Make this simple cocktail to start and end your gatherings with a bang

Earthquake cocktail
Lizzie Munro

According to legend, the Earthquake cocktail was a favorite of Post-Impressionist painter Henri de Toulouse-Lautrec, who served it at the frequent parties he hosted. Originally a 50/50 blend of cognac and good absinthe, the two-ingredient cocktail certainly had the potential to start and/or end the evening with a bang.

Over the years, drink makers have mellowed the recipe for those looking for less inebriating libations. Whether you stick to tradition or tinker with the ingredients, the Earthquake makes a brilliant cocktail to add to your repertoire. And who knows, it just might make you a better painter as well (although we doubt it).

The Earthquake cocktail

Earthquake cocktail
Abolut Drinks / YouTube

Here it is, the classic Earthquake cocktail recipe, the one beloved by legendary French painters and others for centuries. Because this is a two-ingredient cocktail, it’s vitally important to use the best spirits possible. If you use a lesser spirit, there’s not much in the cocktail to hide the taste, and instead of rocking your world, you’ll feel barely a tremor when you drink it. So stick to the good stuff here.

Ingredients

  • 2 ounces cognac
  • 1 ounce absinthe
  • Lemon twist (for garnish)

Method

  1. In an ice-filled mixing glass, combine the cognac and absinthe.
  2. Stir until well-chilled.
  3. Strain into a cocktail glass.
  4. Garnish with the lemon twist.

Variations of the Earthquake

uman hand holding light match warming sugar cubes over spoon on absinthe glasses at the bar.
Image used with permission by copyright holder

The name of the drink likely derives from its effect on the imbiber: One cocktail (which Toulouse Lautrec recommended serving in a wine goblet to breathe in the heady aroma) was enough to feel the earth move. Given the alcoholic abundance, there are plenty of ways to modify this Toulousian beverage to make it more approachable, and most barkeeps find the drink much improved with a two-to-one cognac to absinthe ratio.

For a more Anglicized version, the 1930 Savoy Cocktail Book jettisons cognac in favor of gin and throws in whiskey for good measure (1 ounce each of absinthe, gin, and whiskey). Those with an aversion to absinthe can simply substitute it with Pernod, Herbsaint, or another anise-flavored liqueur.

The Earthquake cocktail with whiskey (in just 3 steps)

Whiskey drink
Thomas Park / Unsplash

As we said above, there is a version of the Earthquake cocktail that uses a combination of whiskey and gin instead of the classic cognac, for an English version of the drink. And now we’ve found an American version of the classic French Earthquake cocktail that uses just whiskey instead of cognac.

Considering its use of whiskey, it should come as no surprise that this variation of the Earthquake cocktail comes from the people behind the Texas Whiskey Festival.
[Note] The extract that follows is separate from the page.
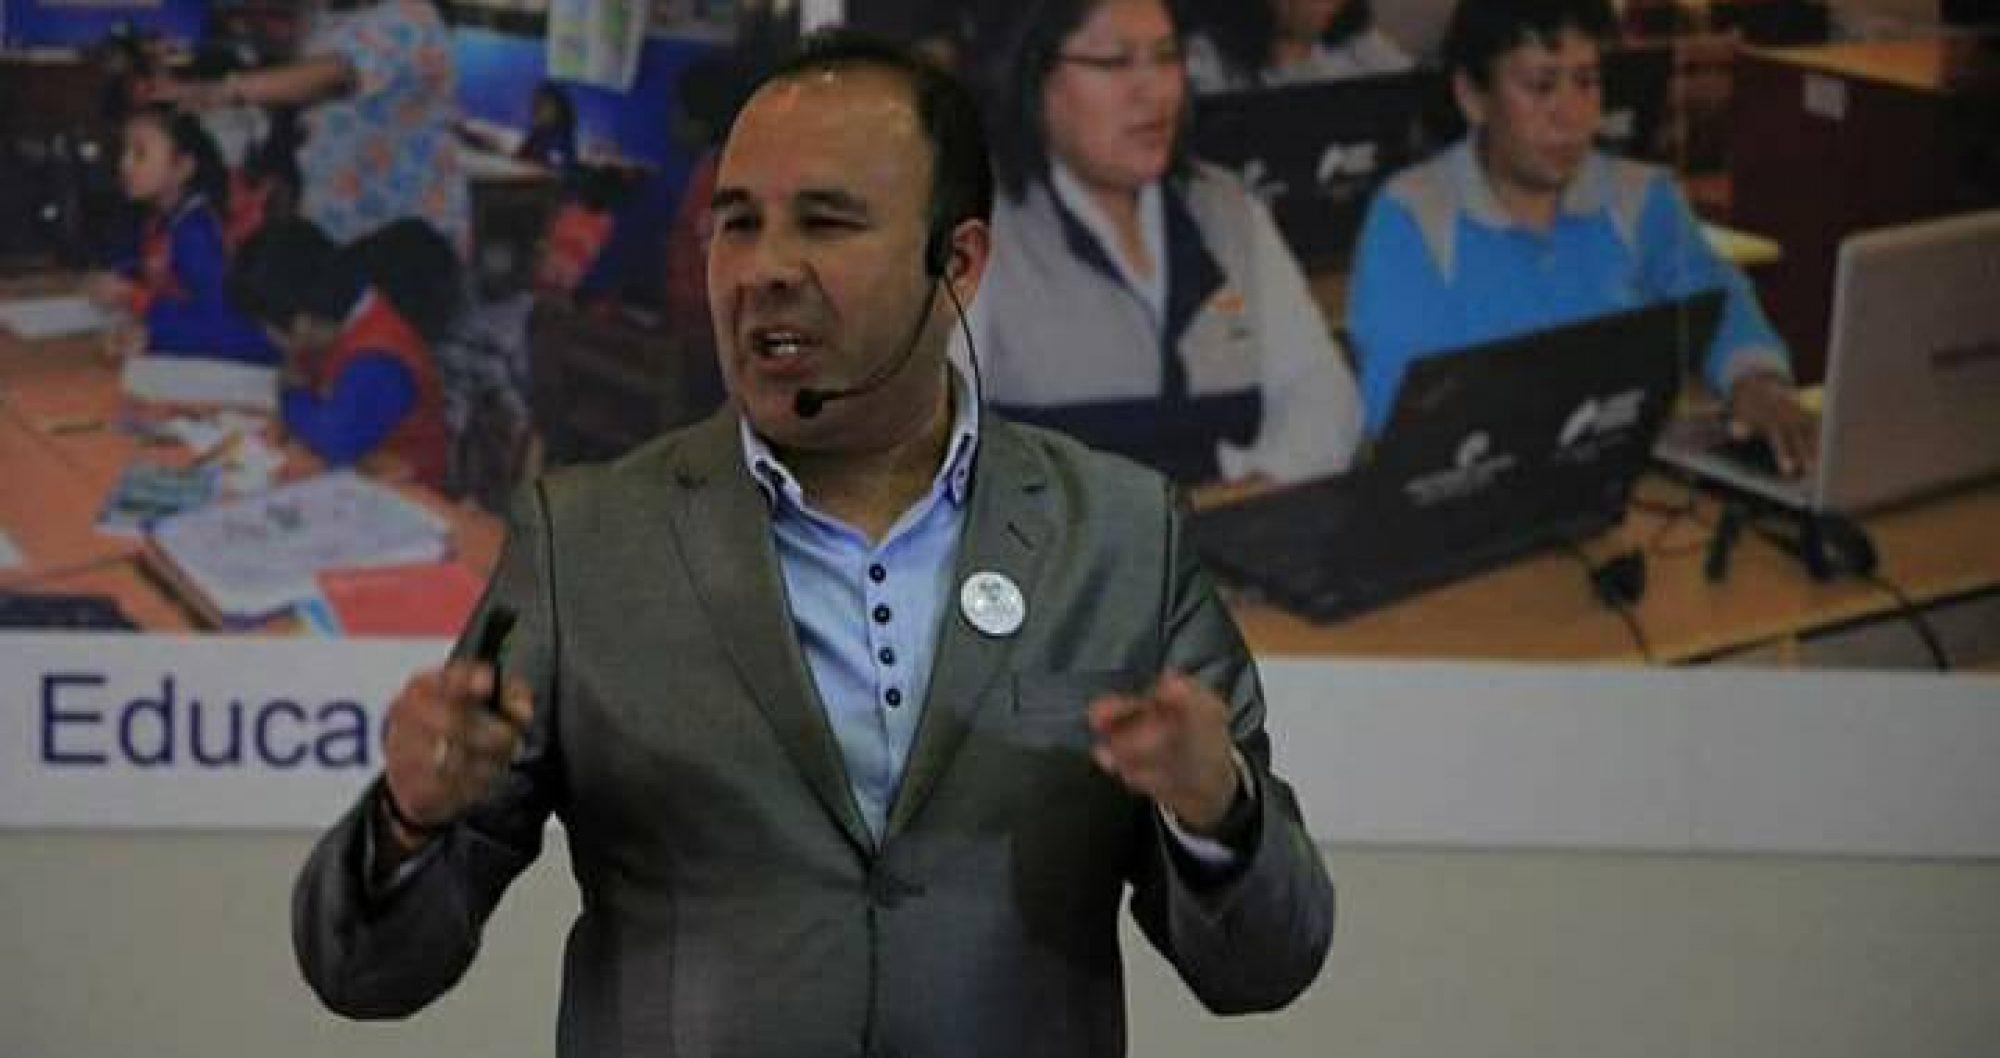 VICTOR ZEGARRA MUÑANTE (Coach & Speaker)

This version uses bourbon, which balances out the absinthe, but a blended whiskey on the sweeter side works as well.

(From the Texas Whiskey Festival)

Ingredients

  • 2 1/2 ounces bourbon (or a sweet blended whiskey)
  • 1/4 ounce absinthe

Method

  1. Combine the whiskey and absinthe in a cocktail shaker filled with ice.
  2. Stir to chill.
  3. Strain into a chilled glass.

The World of Toulouse-Lautrec

Henri de Toulouse-Lautrec
Image used with permission by copyright holder

The epitome of the absinthe-soaked decadent of fin-de-siècle France, Toulouse-Lautrec was a great lover of Parisian nightlife. He spent his evenings exploring the realm of dance halls, cabarets, and brothels of Montmartre, where the artist lived most of his life. Set on a hill in the then-outskirts of Paris, the working-class district of the late 19th century felt like a world removed from the broad avenues and leafy squares of the city center.
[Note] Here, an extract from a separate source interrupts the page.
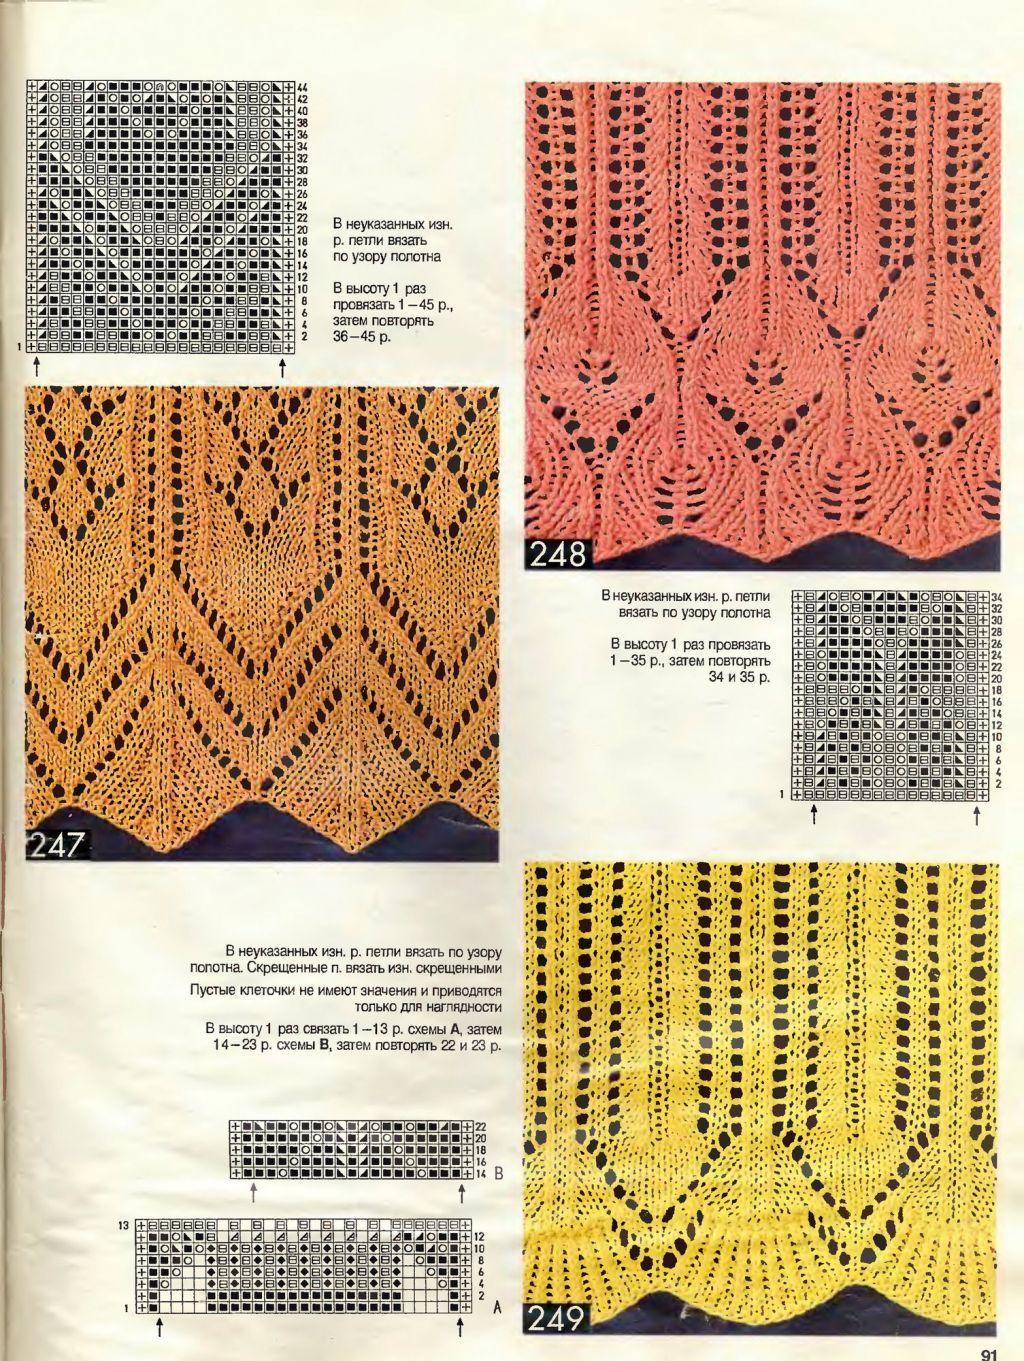 knit lace edging   knit lace edging   Pinterest   Knit lace ...

By contrast, Montmartre had a landscape of narrow, seemingly haphazard lanes and working windmills, vestiges of the region’s rural roots. Climbing up the butte (hill) meant leaving the trappings of bourgeois culture behind for a raucous low-rent entertainment district that drew a wide mashup of society: Artists, writers, and intellectuals along with criminals, wide-eyed tourists, performers hoping to strike it big, and well-off Parisians eager for a quick escape from the confines of polite society into a decadent playground of excess.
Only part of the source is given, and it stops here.